The first time Alison D’Eletto saw Bedford Village (it’s actually a hamlet) in 2006, she had “a wow feeling. It was like something out of another century. It was so sweet, so charming.” A senior colorist at Premier Atelier Salon at The Westchester in White Plains, D’Eletto grew up in Pelham Gardens, the Bronx, and always dreamed of raising kids in the country. She and her fiancé (now husband) Stephen had looked in Ridgefield, Connecticut, but Stephen was from Katonah and had friends and family in the area. They found a 1940s Colonial on one acre near the park and the pool. The lack of a Metro-North station in the village was no deterrent; her husband, who’s in medical sales, drives to his job, and D’Eletto hops on 684 and is at work in 20 minutes.
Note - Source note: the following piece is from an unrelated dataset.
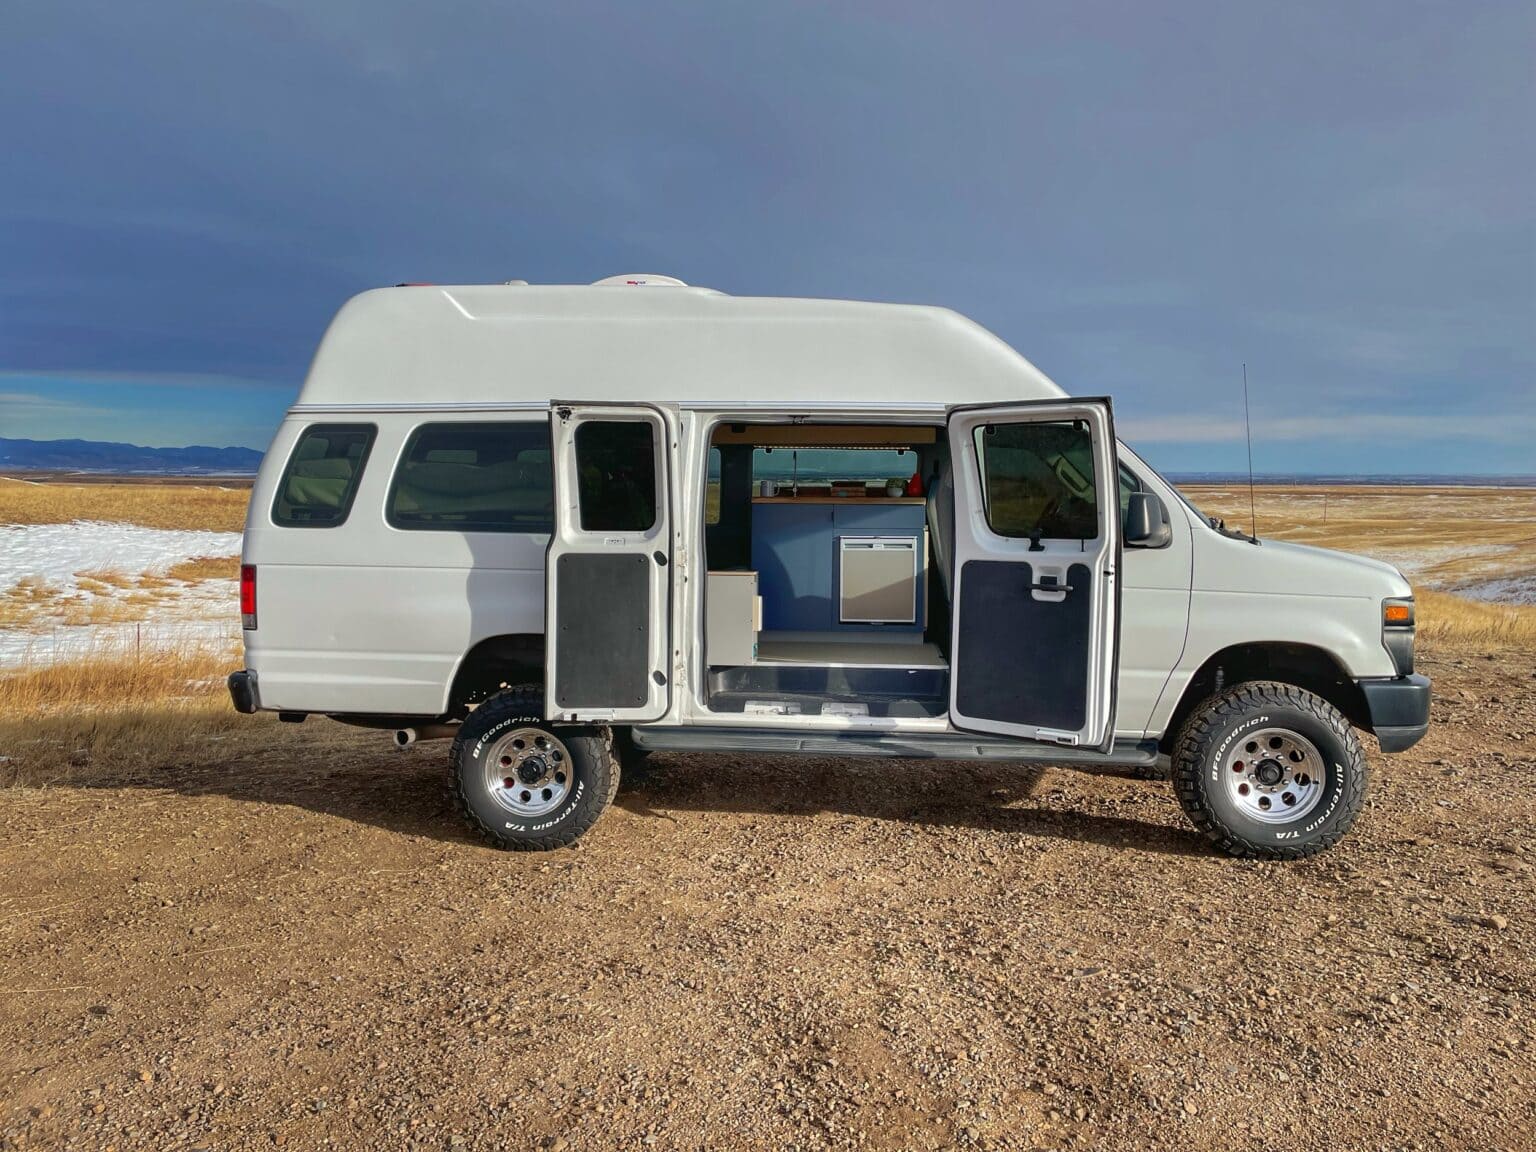 Ford Econoline Family Campervan Conversion - Contravans

Now a mother of two, D’Eletto enjoys the family-friendly events centered around the Village Green, from a carnival at St. Patrick’s to barbecues to parades. “There’s face painting, a jumping castle, and you can try to win a goldfish. At Christmastime, it looks even more beautiful with all the festive lights.” Yet her five-year-old daughter loves Manhattan: “She says, ‘Mom, I’m a city girl.’”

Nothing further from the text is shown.